We are working hard to continuously reduce what goes to waste. That requires technology as well as willingness. In 2020 we produced 39 percent more fish oil, fish meal and fish waste silage than we did in 2019. Our new trawler Kongsfjord deserves a lot of the credit for that. 

We are already an industry leader, but we do not intend to rest on our laurels. Lerøy is continuously striving to find new ways to use by-products, as well as to make existing processes more efficient.

Fishing boat on the sea

Salmon blood could help millions of people

In fact, currently just one part of a salmon isn’t used at all: its blood. However, it also has the potential to be a useful resource. That is good news for many of the 400 million children and women in the world who, according to the World Health Organization, suffer from iron deficiency anaemia.
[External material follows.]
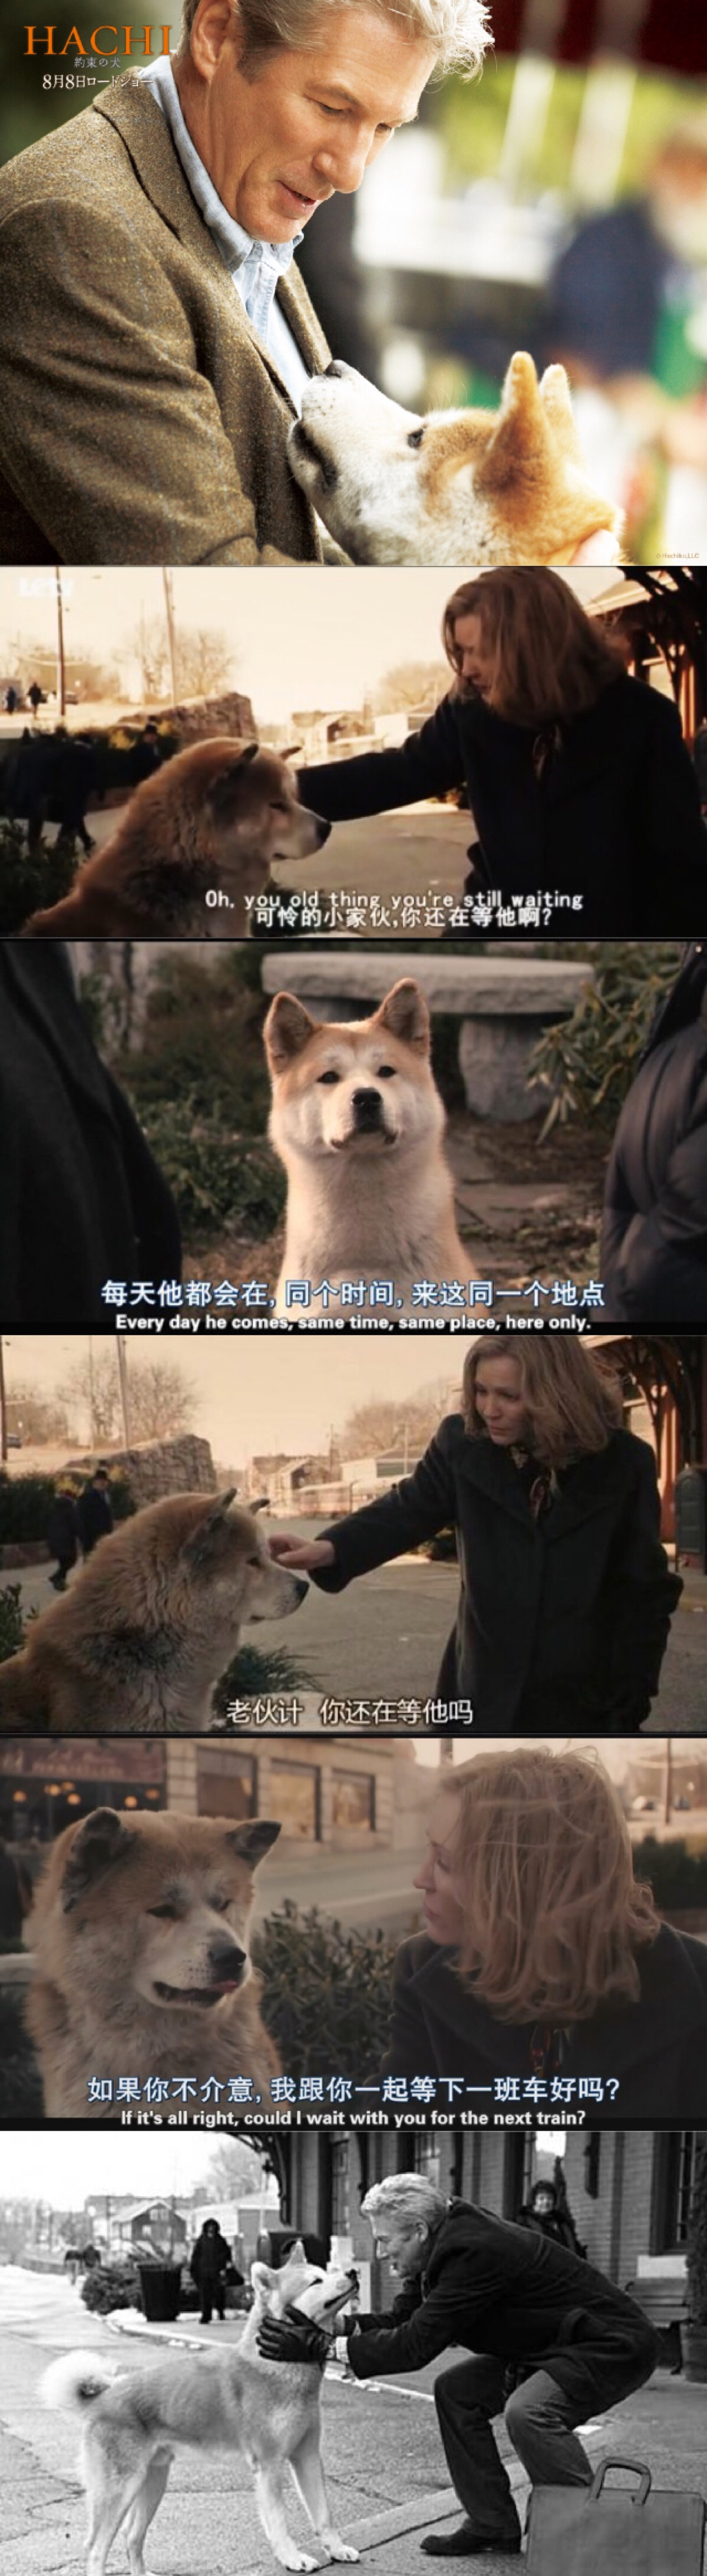 这是一只秋田犬的故事"忠犬八公"应该很多人都看过,非常经典!

As has been covered by the media, the research institute Nofima has discovered that salmon blood is excellent for making iron supplements. They have also managed to produce an iron powder that performed very well in the people who tested it. And the salmon blood they used in their research? We’re pleased to say it came from Lerøy’s factory at Skjervøy.

Reducing plastic use – and fishing up plastic waste

As part of Lerøy’s 50-50-5 initiative, by 2030 we intend to cut the use of non-recyclable plastic by 50 percent. We are therefore reducing use of everything from plastic hoses and twine on our boats, to the amount of plastic in the packaging that protects our products in shops. But we will not stop there.
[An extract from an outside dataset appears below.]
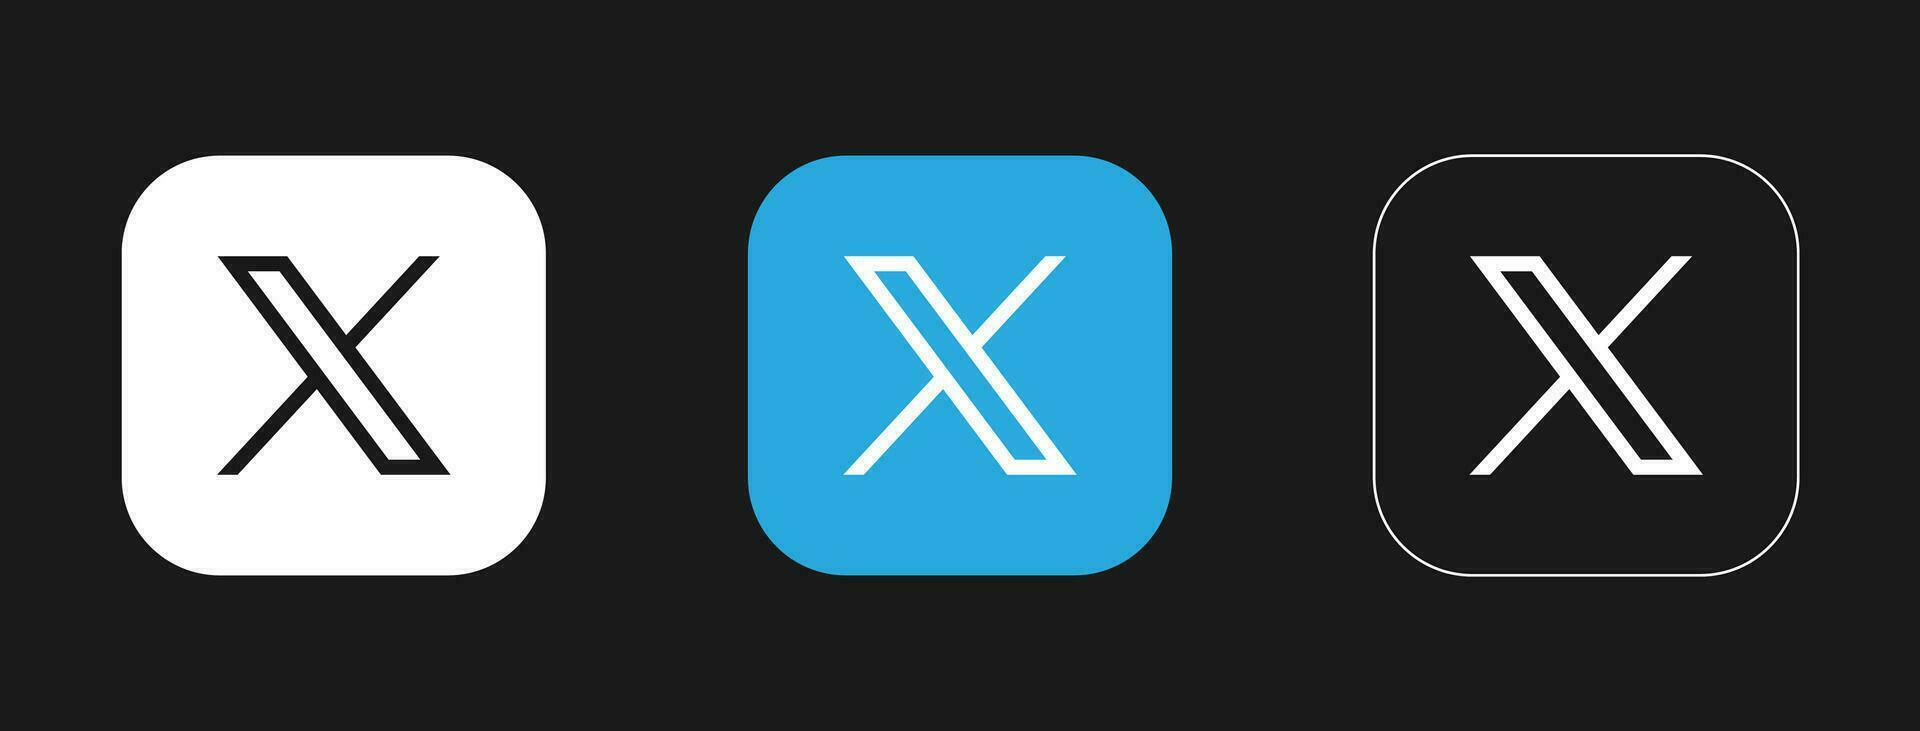 Twitter Nouveau X logo conception. Twitter X rebranding vecteur

Lerøy is also part of the worldwide initiative Fishing For Litter, which is helping to remove plastic from the ocean. Unfortunately, it is far from rare for fishers to catch rubbish in their nets. At the Lerøy quay in Stamsund, they can now deliver the waste they catch completely free of charge, and then we recycle as much as possible, and safely dispose of the rest.

This is just a small part of what Lerøy is doing to become as green and sustainable as we can. If you would like to learn more about what we are doing and how we operate, this and this are two good places to start.

Did you know?
  • Seven percent of global greenhouse gas emissions come from food waste.
  • 38 percent of all energy used in world food production goes to food that is never eaten.
  • Lerøy has set itself the goal of reducing both food waste and the use of non-recyclable plastic by 50 percent by 2024.
  • Lerøy has committed to reducing greenhouse gas emissions by 46 percent by 2030.